Pour mieux comprendre l’impact négatif de l’industrie textile sur notre environnement, il faut remonter sa chaîne de production. Jusqu’au tout début. Et à l’origine des matières dont on fait nos pantalons, chemises ou autres t-shirts, on trouve trois matières premières. Les synthétiques, comme le polyester ou les fibres recyclées de bouteilles en plastique. Les naturelles végétales, comme le coton ou le lin. Les matières d’origine animale, comme la laine ou le cuir.

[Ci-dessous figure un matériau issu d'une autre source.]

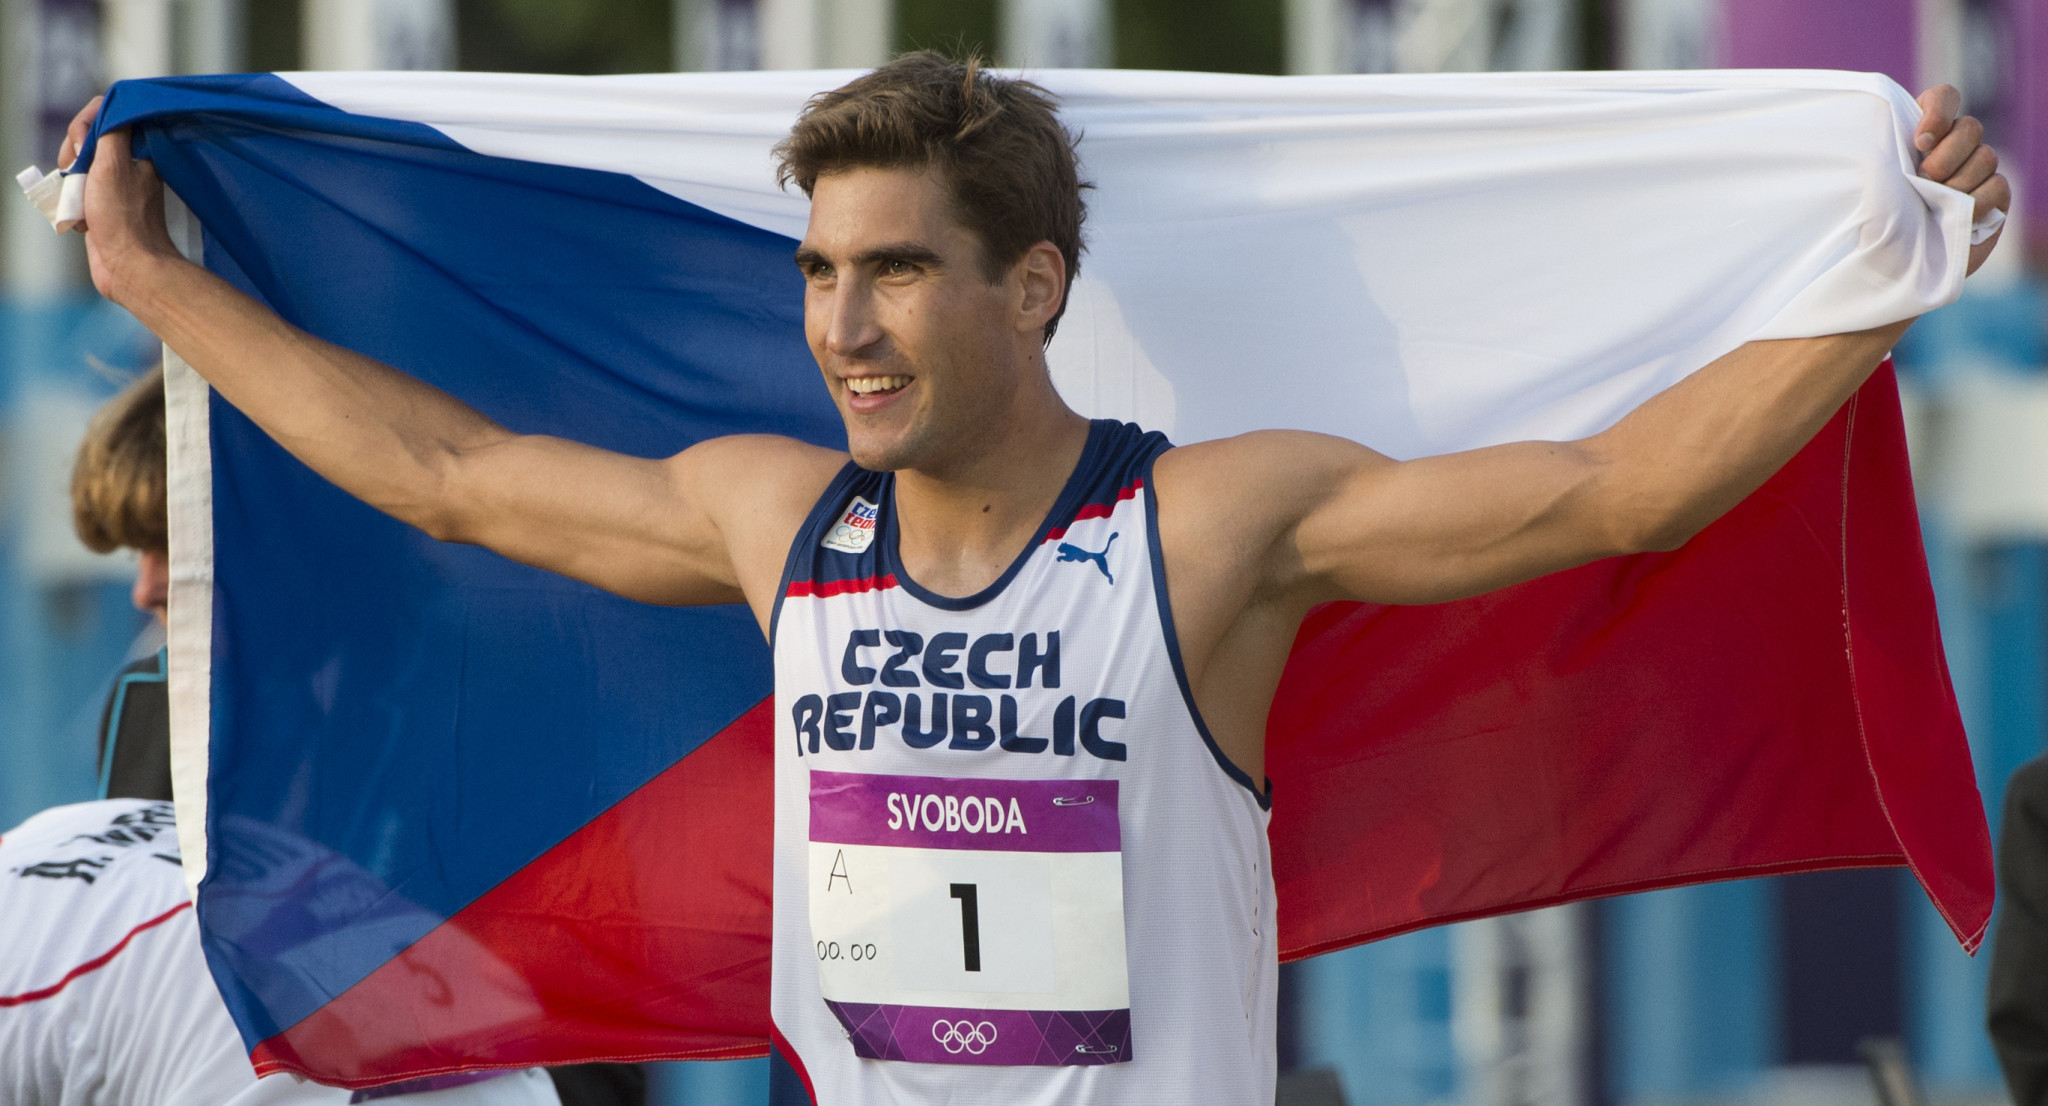 Czech Republic's former modern pentathlon Olympic champion David Svoboda claimed the UN General Assembly verdict on the war in Ukraine "could easily be a mistake" ©Getty Images

Toutes comportent de sérieuses limites. Les synthétiques sont fabriqués à 70% à partir de pétrole, une énergie non-renouvelable. Le coton est la matière première végétale la plus utilisée, mais sa culture nécessite beaucoup d’eau. À cause de l’irrigation des champs, la mer d’Aral, située entre l’Ouzbékistan et le Kazakhstan, a perdu la moitié de son étendue et les trois-quarts de son volume.

La matière première d’origine animale pose des problèmes éthiques évidents. En témoignent les scandales à répétition concernant les élevages d’animaux à fourrure comme les lapins ou les visons. De plus, le tannage, qui consiste à transformer la matière en cuir ou en fourrure, est un procédé qui utilise des produits chimiques. Les rejets d’eaux usées polluent ensuite les cours d’eau, comme la rivière Buriganga au Bangladesh, pourtant toujours utilisée par les habitants.
L’industrie de la mode a un impact sur les populations qui vivent à proximité de ses sites, mais aussi sur celles qui y travaillent. Les méthodes utilisées pour teindre ou donner un aspect délavé aux vêtements sont très nocives pour la santé des ouvriers et des ouvrières. Employés par des usines sous-traitantes, ils ne possèdent généralement aucune protection sociale. Et bien souvent, elles se trouvent dans des pays où le code du travail n’est pas le même qu’en France. Les salaires sont bas et les conditions de travail très dures. Le monde a ouvert les yeux sur ce phénomène en 2013, après l’effondrement du Rana Plaza au Bangladesh. L’immeuble abritait plusieurs ateliers de confection pour des grandes marques internationales comme H&M ou Zara. Bilan : 1 134 morts et 2 500 blessés.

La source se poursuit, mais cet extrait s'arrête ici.